# [EXERCISE AIM]
Transcribe the listing verbatim, please, with images dropped.

# [THE DATA]
---

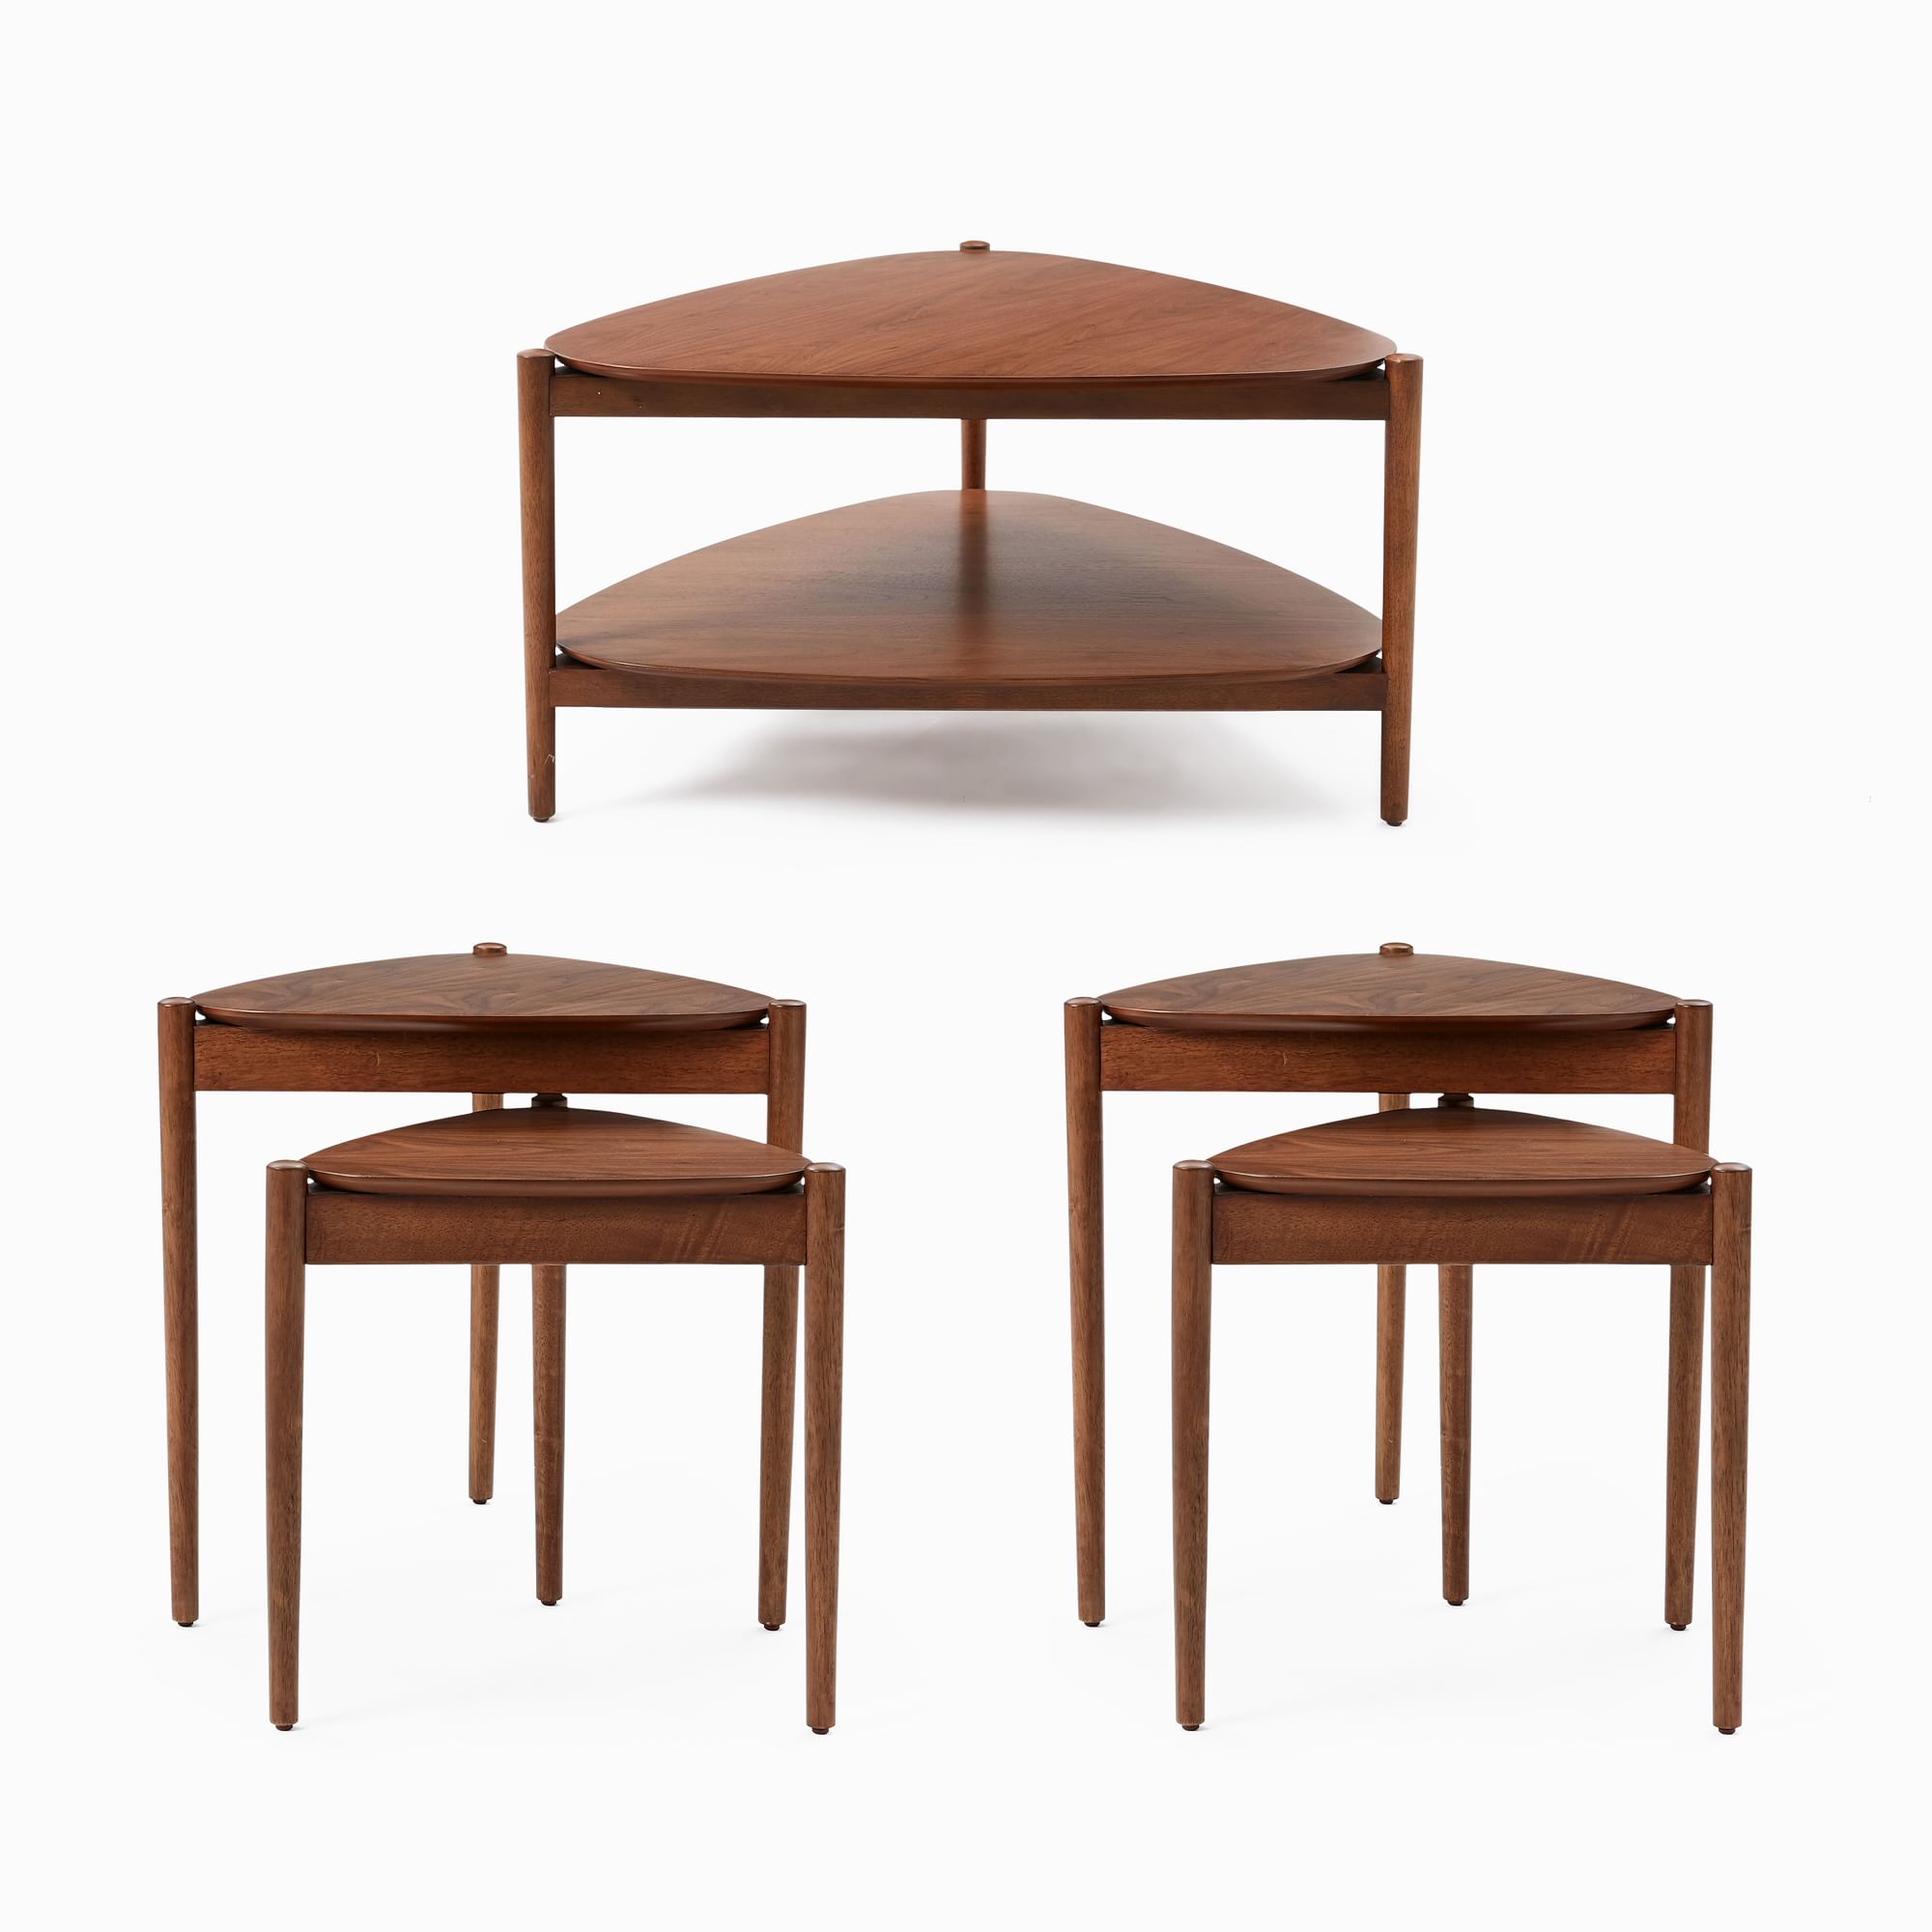 Retro Tripod Coffee Table & 2 Nesting Tables Set | Modern Living Room Furniture | West Elm
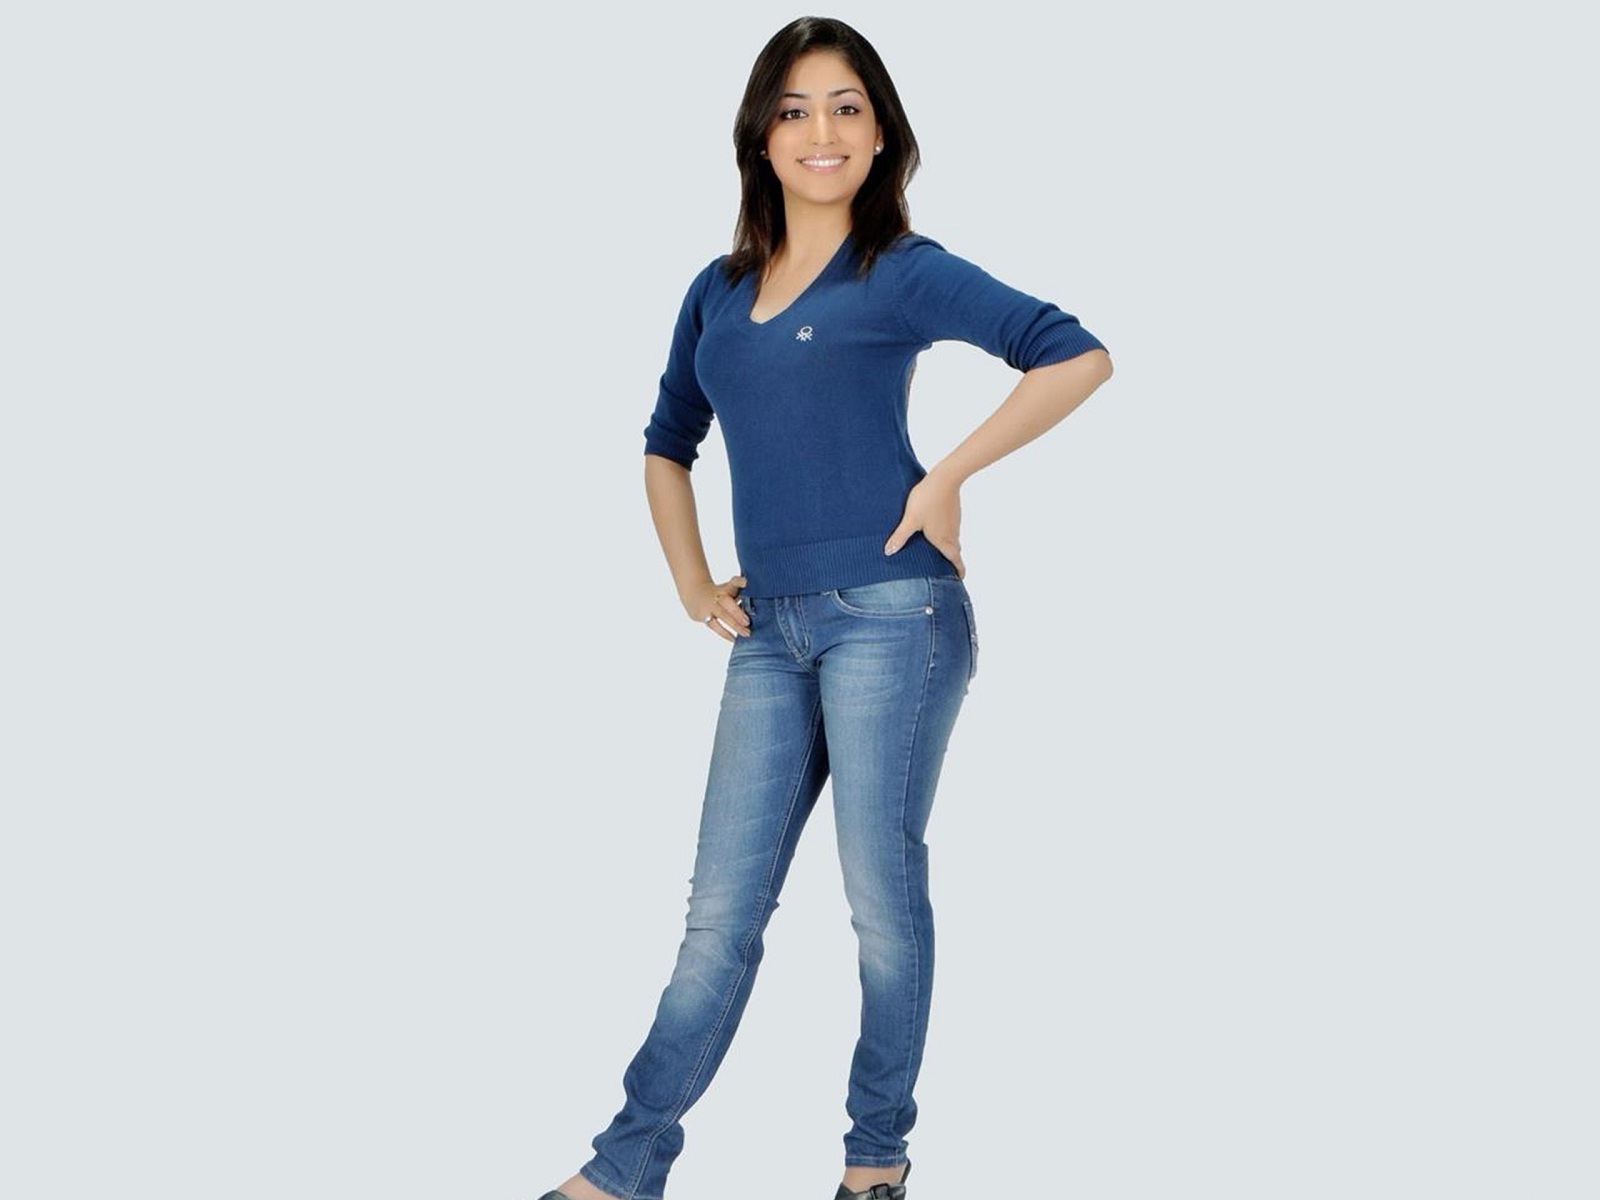 Yami Gautam Hot In Jeans And T Shirt - Yami Gautam , HD Wallpaper & Backgrounds
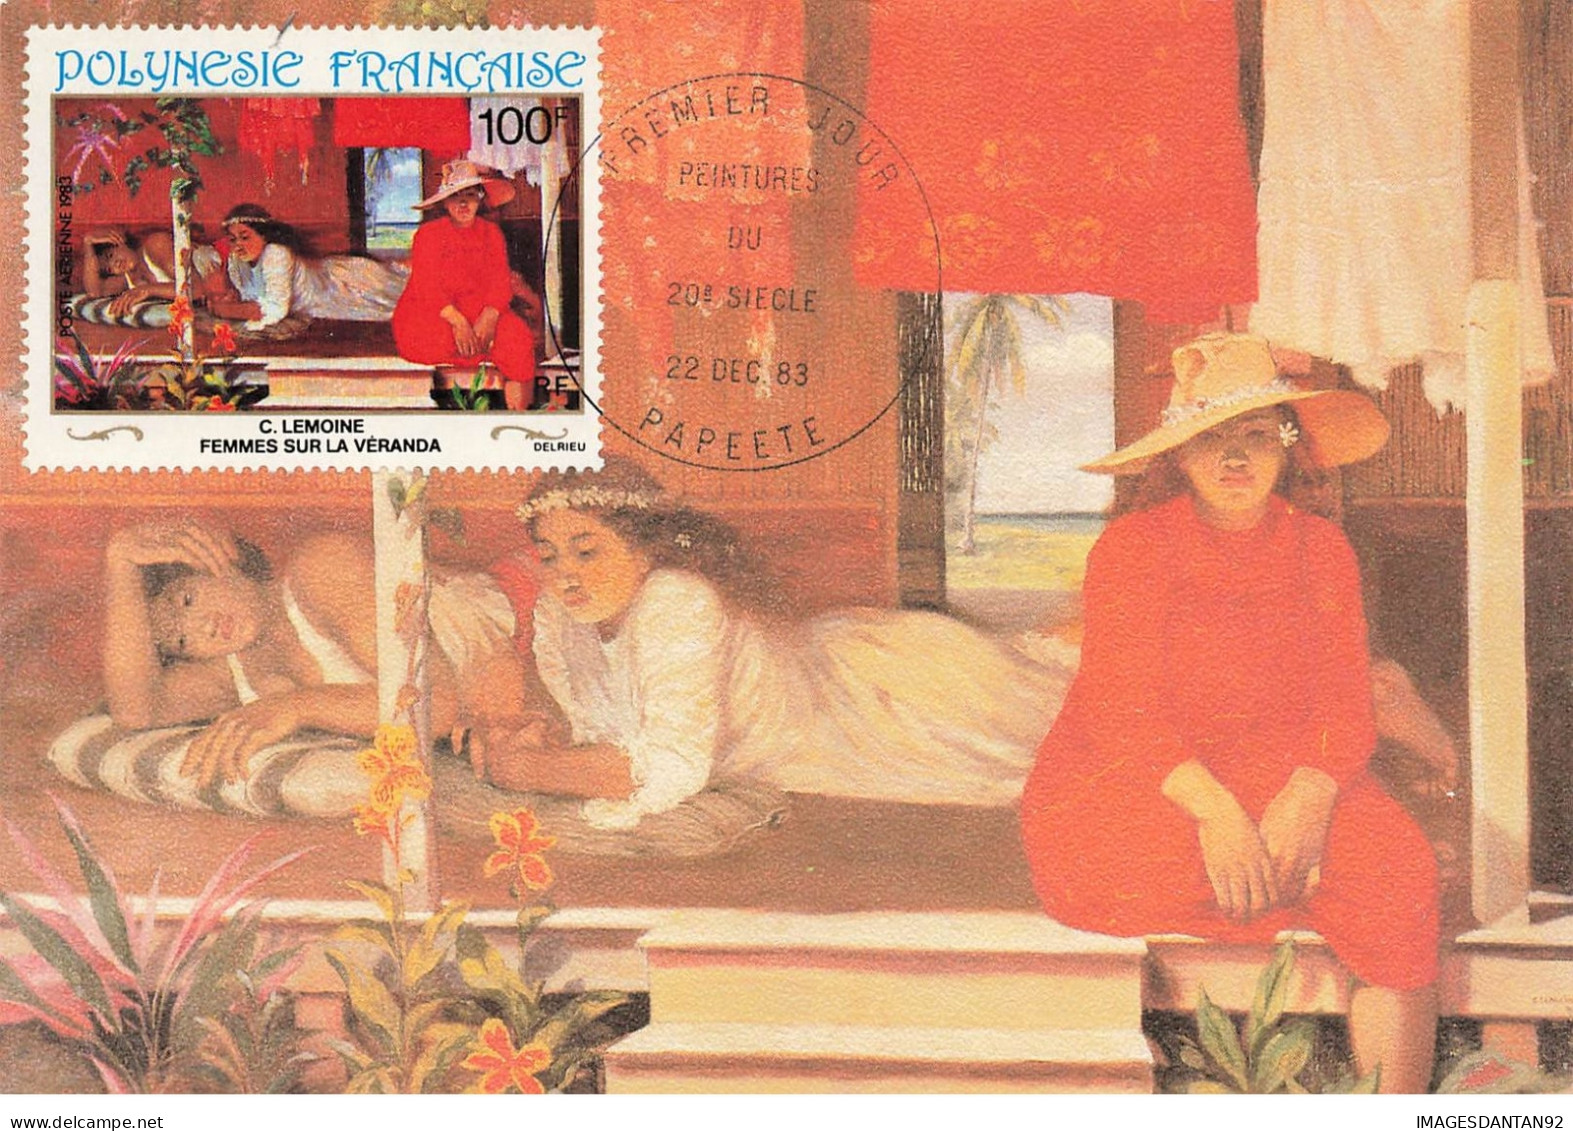 CARTE MAXIMUM #23717 POLYNESIE FRANCAISE PAPEETE 1983 PEINTURES 20 EME SIECLE LEMOINE FEMMES SUR VERANDA - Maximum Cards

---

# [COMPLETED TASK]
 Retro Tripod Coffee Table & 2 Nesting Tables Set | Modern Living Room Furniture | West Elm
 Yami Gautam Hot In Jeans And T Shirt - Yami Gautam , HD Wallpaper & Backgrounds
 CARTE MAXIMUM #23717 POLYNESIE FRANCAISE PAPEETE 1983 PEINTURES 20 EME SIECLE LEMOINE FEMMES SUR VERANDA - Maximum Cards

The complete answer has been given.